I know that there are some teens that run away because there are many issues at home. Some kids are not safe. I understand that. However, if a teen runs away due to having special needs and not being able to communicate, should the parents of the home that the teen runs to be able to just continue harboring them? That is a question you should ask yourself. If the parents have a family that are constantly drinking in the home beyond a glass of wine, but where they are drunk, or they have drugs in their home. Is that acceptable?
This is what was happening to our teen, with Autism. When he was unable to communicate well, his defense was to run... and he was running to homes (2) with little to no supervision. We went to the parents, and we spoke to them by phone and in person. We told them the situation at hand and told them that our son was special needs and that he needed to be at home. When we would go to their home to return our son and bring him home, there would be lies that he was not there. The parents many times would not be home and there would be 20 kids or more outside playing and causing hell on the neighborhood. Sometimes the parents would just be getting out of bed... sometimes drunk, sometimes high. They told Taylor to tell the police that he was beaten at home, and the police would not make him go home. So, Taylor did. We had countless interviews with the police and it was discovered that no, we don't beat our son. In fact, the police told us to restrain our son at all lengths to keep him from leaving. We disagreed. To even hold Taylor's arm from walking away would be considered or mistaken by him as an attack. Someone would surely be hurt off of what the officers advice was. We were ordered off of the properties of the people that were harboring our son and told never to come back again. We followed those words so we would not be breaking the law. Our only recourse the police told us was to each time Taylor ran away, call the parents tell them to return him and then call the police. We once again complied. Many times the police would not even come to help. They said Taylor was just running a game. The had told us that it is not against the law to runaway but it is against the law to interfere with parental rights. We were to call them each and every time Taylor ran away. Again, many times they refused to go there. We explained to them about the danger he was in in those homes. With autism, he was at risk to the influence of drugs and alcohol and that is what was in those homes. They said that they would arrest the parents the next time they had Taylor in their home. They caught him an additional three times for sure by searching the home or threatening the mother, yet, still no arrests to her or the father, of either homes.

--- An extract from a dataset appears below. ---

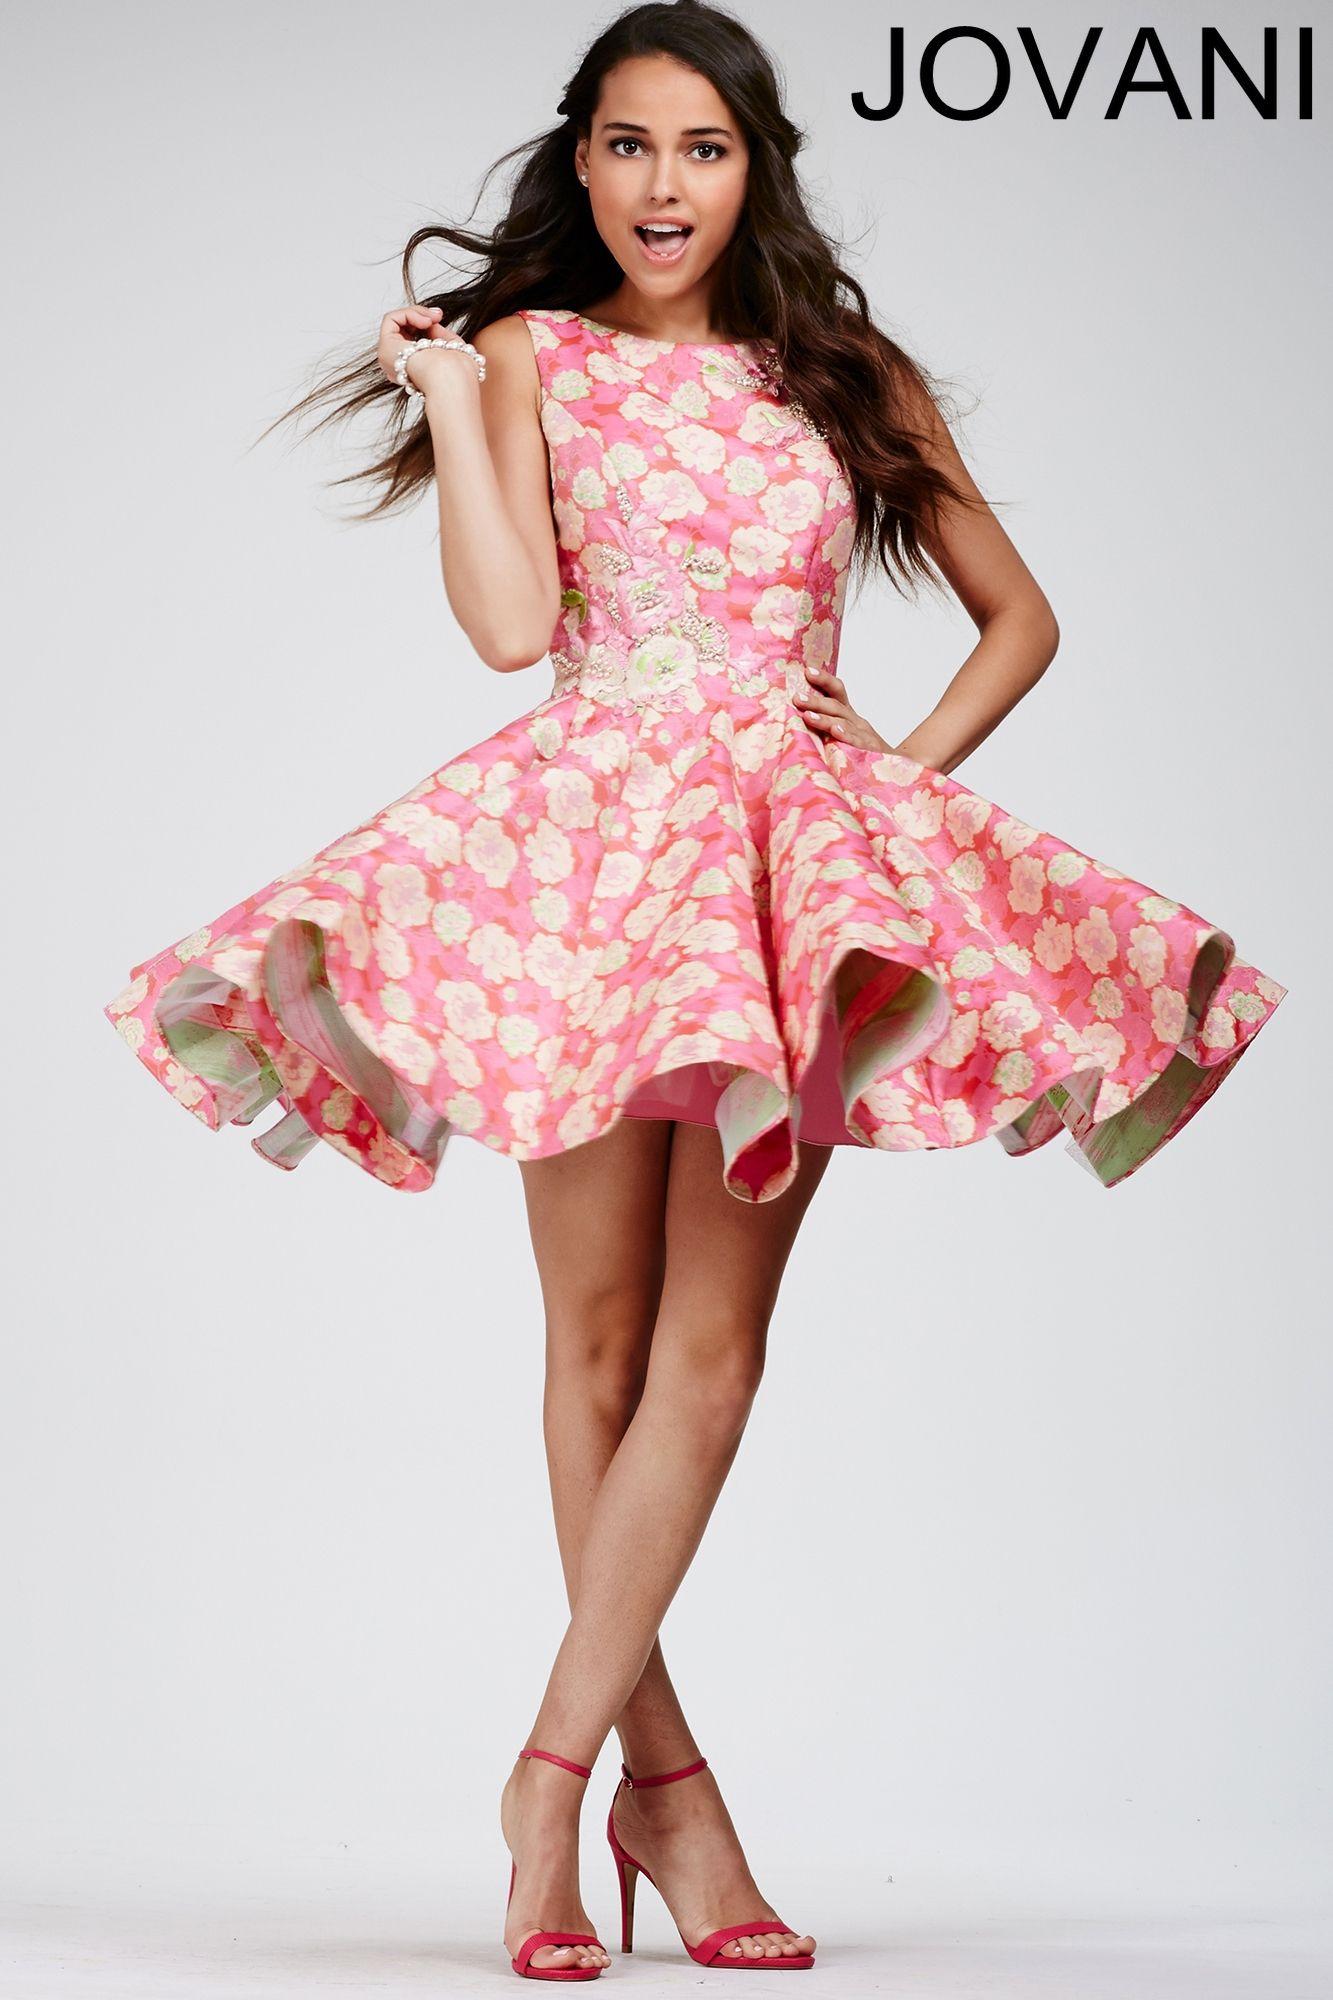 Pin de Jovani Fashion en Homecoming 2015 | Pinterest | Vestiditos

When Taylor would run away we would go door to door in the neighborhood with a photo of our son. We would tell the people he was autistic and we needed them to be our eyes and ears to find our son when he would run as he would surely be in that neighborhood. Each and every neighbor told us, get your son away from those kids, they are no good. They even were leaving death threats (the kids) on one of the neighbors doors, but they couldn't prove it was those kids as they did not see them put it on the door. It was HELL working with the police. Here we are trying to follow the laws, when you really want to tell them what you think and go to their door, but we tried to do what was right.
Now, through the media, we have found out that one of the homes had a father that was a sexual abuser. FANTASTIC. He had been on record for years so they police knew this when they pulled up to their house and we were standing there.
We have to establish laws for runaways and the people that harbor them. We especially have to do so for children with disabilities. They don't understand life like a normal teen. The answer is also not sending them to a drug and alcohol hospital. That is not what is wrong with the kids.
Please help pass the laws that we need.